Im Grunde ist das ja wieder eine Argumentation, bei der Sie die Dinge verdrehen. Aber es ist ein sehr guter Punkt, den Sie ansprechen, lieber Herr Kollege. Es wird ja in Ihrem Antrag genau dieser Eindruck erweckt, als könnte da niemand mehr mitreden, als würde der Minister Jens Spahn – da drüben sitzt er übrigens – Dinge machen, die er vorher mit niemandem besprochen hätte. Wir haben doch unabhängig von der Frage, ob wir eine epidemische Lage von nationaler Tragweite haben, die Länder sowieso immer mit im Boot. Das heißt, unabhängig von dieser Einschätzung sind die Länder immer mit beteiligt. Deshalb ist es richtig, dass wir über Lockerungen und die Beurteilung der Lage nicht nur hier im Parlament sprechen, sondern eben auch die Länder einbeziehen. Sie sind mit einbezogen. Insofern verstehe ich Ihre Frage in dem Punkt nicht so recht.

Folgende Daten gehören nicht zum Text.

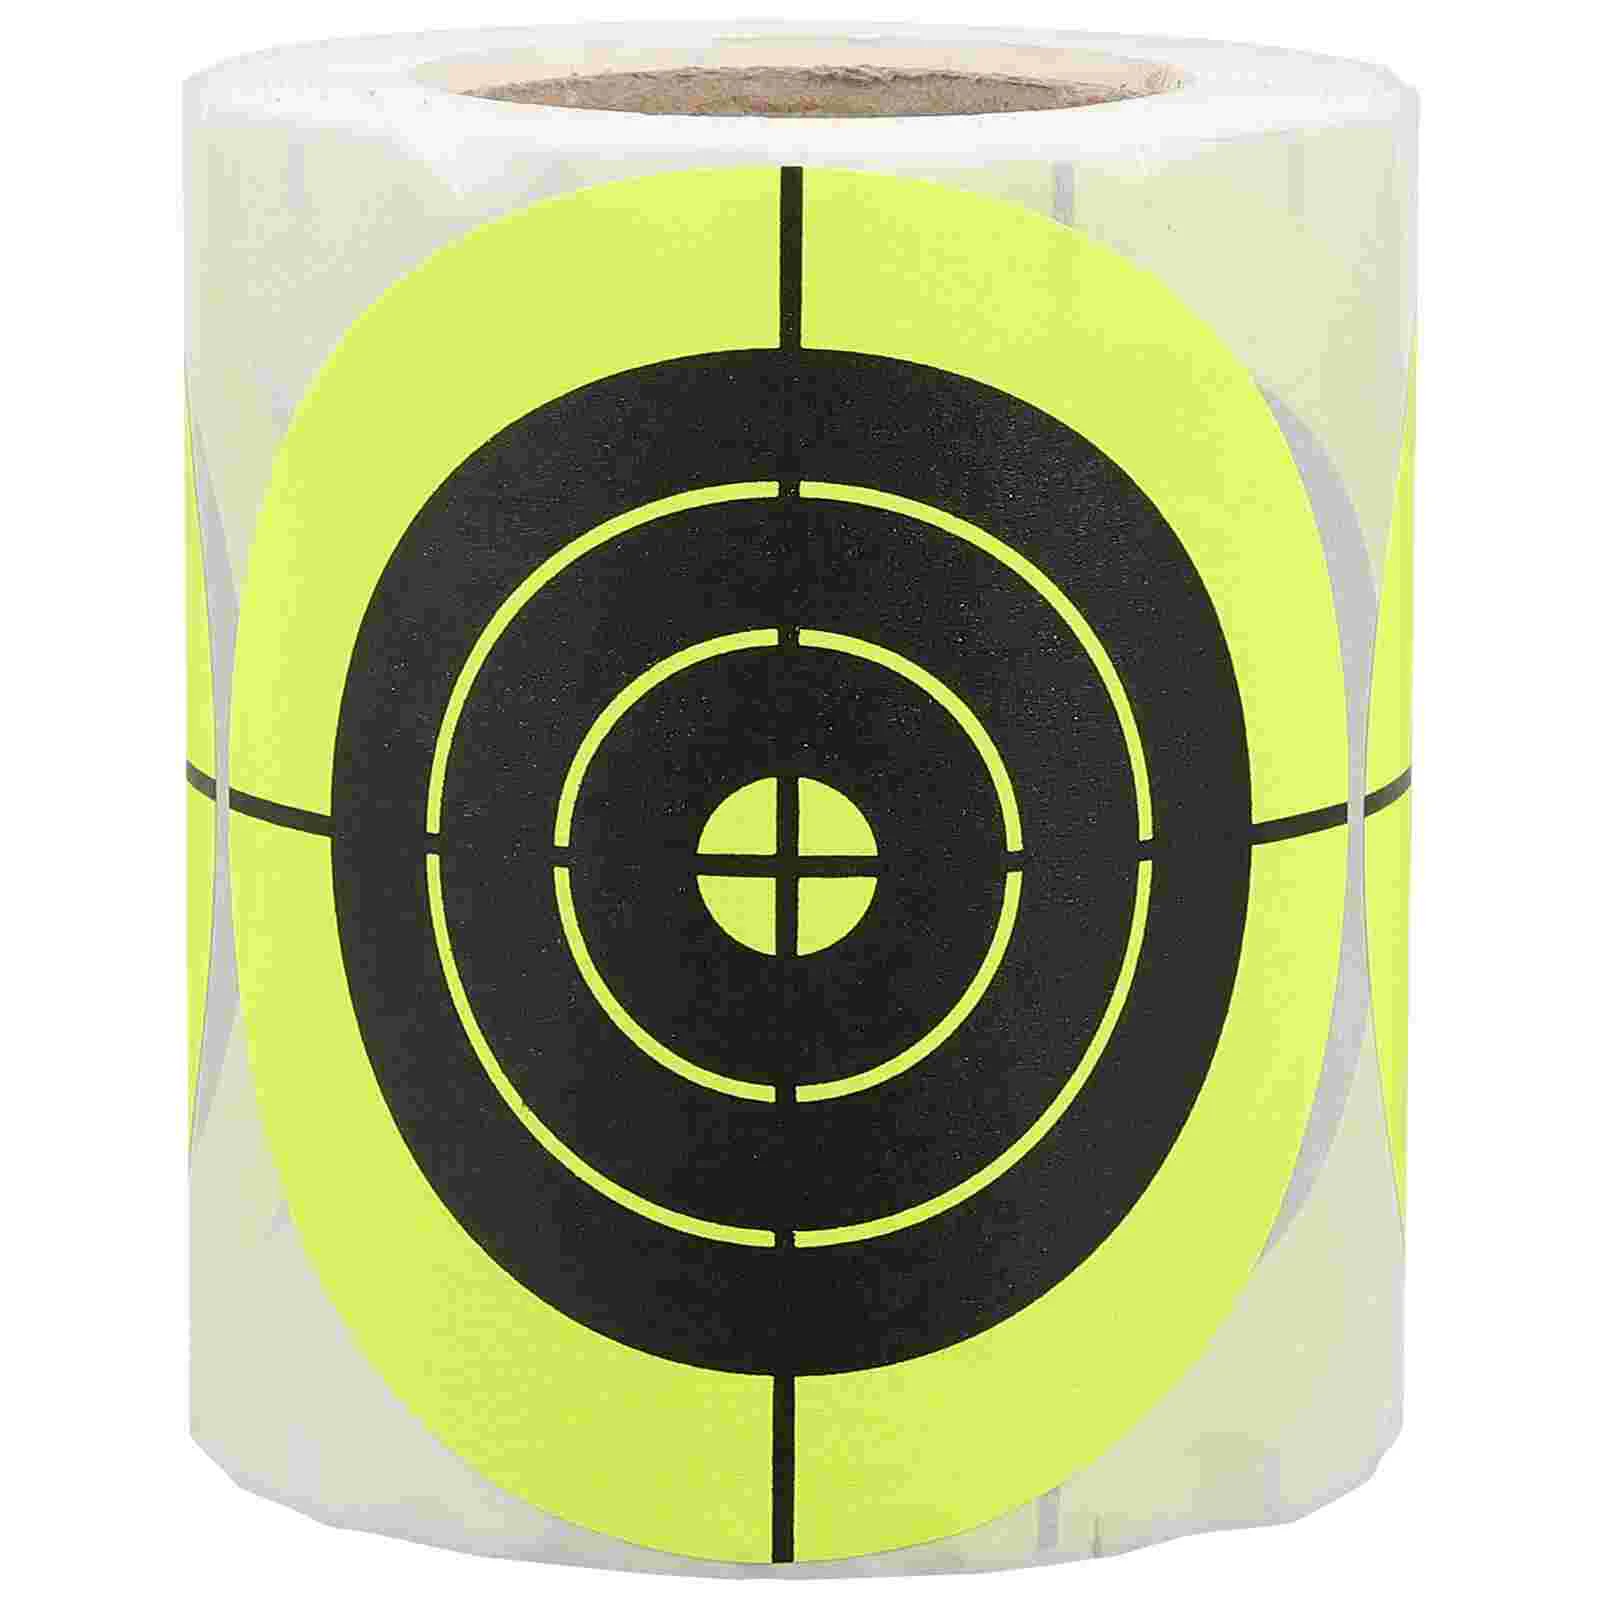 

Target Paper Creative Spot Fluorescent Shooting Circle Labels Hunting Accessories Tool Targets Self-adhesive Stickers Round

Vielleicht auch noch einige Worte zu der Behauptung, das sei ja alles nicht mehr so schlimm und deshalb könne man die Maßnahmen ja jetzt wieder zurückfahren:
Erstens. Wir führen die Debatte, wir kontrollieren natürlich die Regierung.

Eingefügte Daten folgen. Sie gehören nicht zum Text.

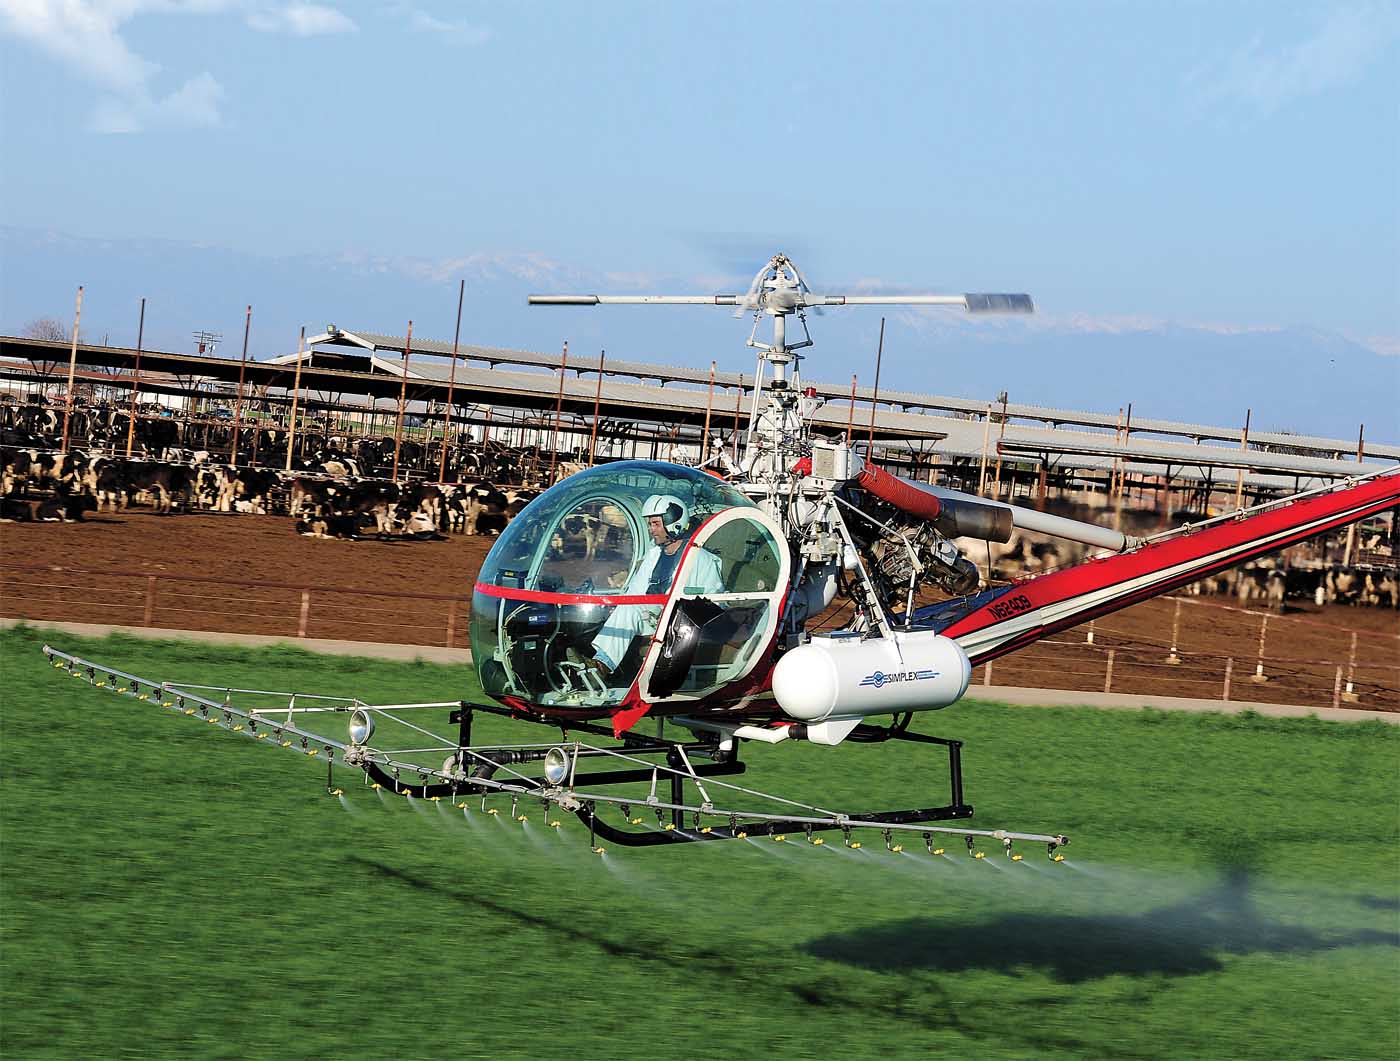 A Hiller OH-23G fitted with a Simplex spraying system. Conditions need to be just right for the spray to have the right effect. Skip Robinson Photo

Zweitens. Dass unsere Einschätzung keine ist, die völlig weltfremd wäre, sieht man auch daran, dass die Weltgesundheitsorganisation ihre Einschätzung, dass wir eine Gesundheitskrise von internationalem Ausmaß haben, immer noch nicht aufgehoben hat. Insofern sollten wir in der Beziehung auch in bisschen realitätsnäher sein, zumal wir bei der Frage, wie sich das Infektionsgeschehen entwickelt, ja immer nur über eine Momentaufnahme quasi von vor zwei Wochen reden. Keiner weiß also, wie die Lage in zwei Wochen aussieht.
Drittens. Wir wissen auch, dass es, wenn jetzt das Urlaubsgeschehen losgeht, wenn wir erfreulicherweise auch wieder in Europa reisen können, zum Ende der Urlaubssaison sicherlich wieder Fälle geben wird. Trotz aller Vorsicht muss man sicherlich mit Neuinfektionen rechnen.
Deshalb, liebe Kolleginnen und Kollegen insbesondere von der FDP, lassen Sie uns doch bei der Frage, inwieweit die Maßnahmen, die wir in dieser Situation ergreifen, gerechtfertigt sind, die Gemüter ein bisschen runterfahren. Ich verstehe den Antrag. Die Begründung ist teilweise auch nachvollziehbar.
Aber wir haben es doch in anderen Krisen gesehen: In der schwarz-gelben Koalition, von 2009 bis 2013, haben wir doch auch mitten in der Euro-Krise viele gute Dinge gemacht. Wir haben damals doch in einer besonderen Situation, in der wir auch momentan sind, die Parlamentsrechte nicht außer Kraft gesetzt. Ich führe gern mit Ihnen, auch gerade mit Konstantin Kuhle, eine Diskussion über staatstheoretische Fragen, zum Selbstverständnis eines Parlaments, über die Frage, inwieweit wir vielleicht an der einen oder anderen Stelle der Regierung stärker widersprechen sollten. Das können wir alles machen; aber in diesem Kontext ist es, glaube ich, nicht das Richtige.
Deshalb: Lassen Sie uns eher darüber diskutieren, wie wir mit digitalen Möglichkeiten – die Corona-Warn-App ist hier angesprochen worden – die Normalität für viele Menschen in unserem Land so schnell wie möglich wiederherstellen können.